Они проводили Светлану до лифта и вернулись в квартиру. Остановились в прихожей, Малышев обнял Любу за плечи, она потянулась к нему губами.

— Ох, Володя, от меня ведь чесноком несет…

— От меня тоже.

После долгого, страстного поцелуя она спросила:

— Я сегодня показалась тебе красивой, а раньше? Ты врал мне, да?

— Нет. Ты для меня всегда красивая, а когда и для всего мира красивая, я могу только радоваться этому. Понимаешь?

— Ни черта я не понимаю… Свяжись с вами, журналистами, задурят голову…

Он подхватил Воронину на руки и понес в свою комнату. Именно этого она и хотела.

Глава 26

Бромчик вошел в кабинет, остановился у стола, растерянно моргая белесыми ресницами.

— Ну вы даете, Любовь Георгиевна… — пробормотал он.

— Что вы хотите этим сказать, Павел Григорьевич?

Бромчик растерянно пожал плечами:

— А что тут скажешь?
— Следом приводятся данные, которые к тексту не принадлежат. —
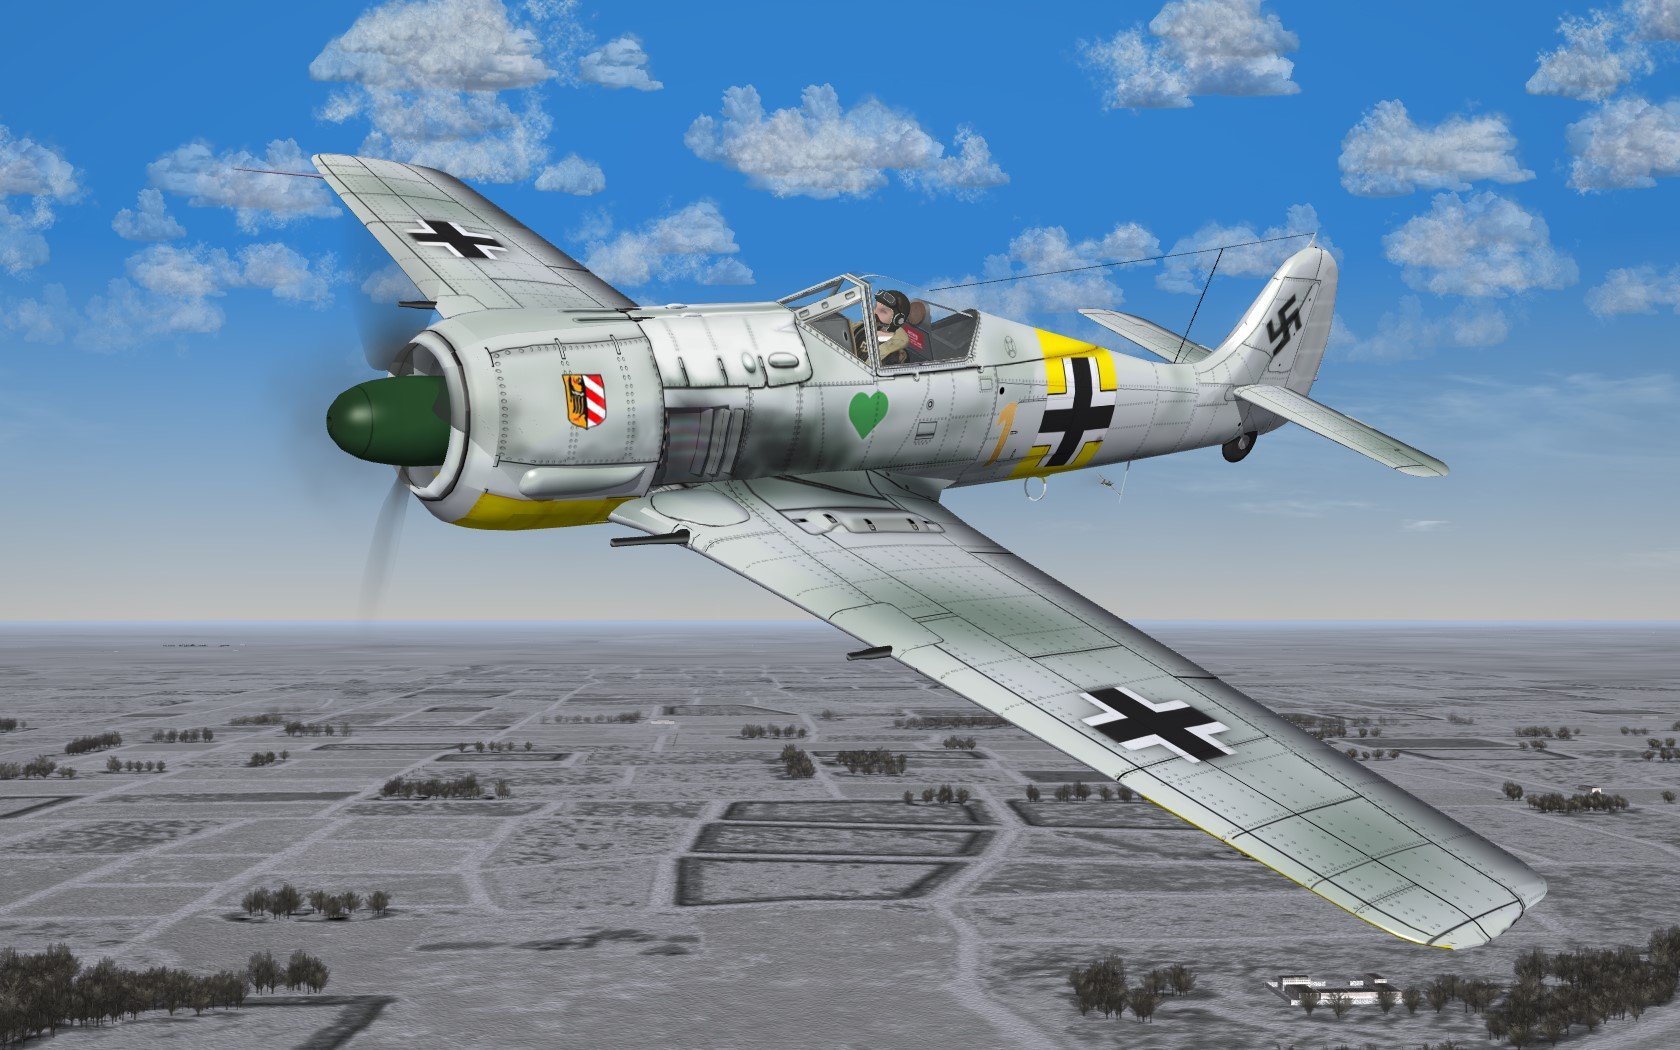 FW-190A4

Вы прямо как… кинозвезда. Совсем другой стали, Любовь Георгиевна.

— В чем? — спросила она, делая вид, будто не понимает подчиненного.

— Да во всем. Хотите честно?

— Хочу.

— Были начальником, а теперь просто очень красивая женщина. Конечно, и начальник, но совсем другой. Такому подчиняться — одно удовольствие. Приятно даже.

— А раньше, выходит, было неприятно?

— Нет, раньше подчинялся как начальнику, ну, вы понимаете, а теперь совсем другой компот.

— То есть раньше вы меня женщиной не считали, так следует понимать? — допытывалась Воронина.

После недолгой паузы Бромчик осторожно сказал:

— Так вы же сами этого хотели.

— Спасибо за откровенность, Павел Григорьевич. А теперь к делу. Пожалуйста, оформите мне документы на инспекционную поездку в Дорохинскую колонию. Это раз. Проследите, чтобы документы на препровождение осужденного Малышева были доставлены в колонию вовремя. Я хочу проследить за этапированием его в Москву, завтра будет рассмотрена апелляция адвоката.

— Парня освободят?

— Я надеюсь.

— Любовь Георгиевна, у меня есть предложение по этому поводу. Парнишке предстоит служить в армии, а что, если взять его в наш спецназ? До сих пор не могу забыть морды двух телохранителей, которых он отделал. Такой кадр погоды не испортит.

— Подумаем, Павел Григорьевич, у нас впереди еще суд. Вам там выступать обвинителем.

Бромчик недовольно поморщился.

— Ведите себя естественно, как совесть подсказывает. И все будет нормально.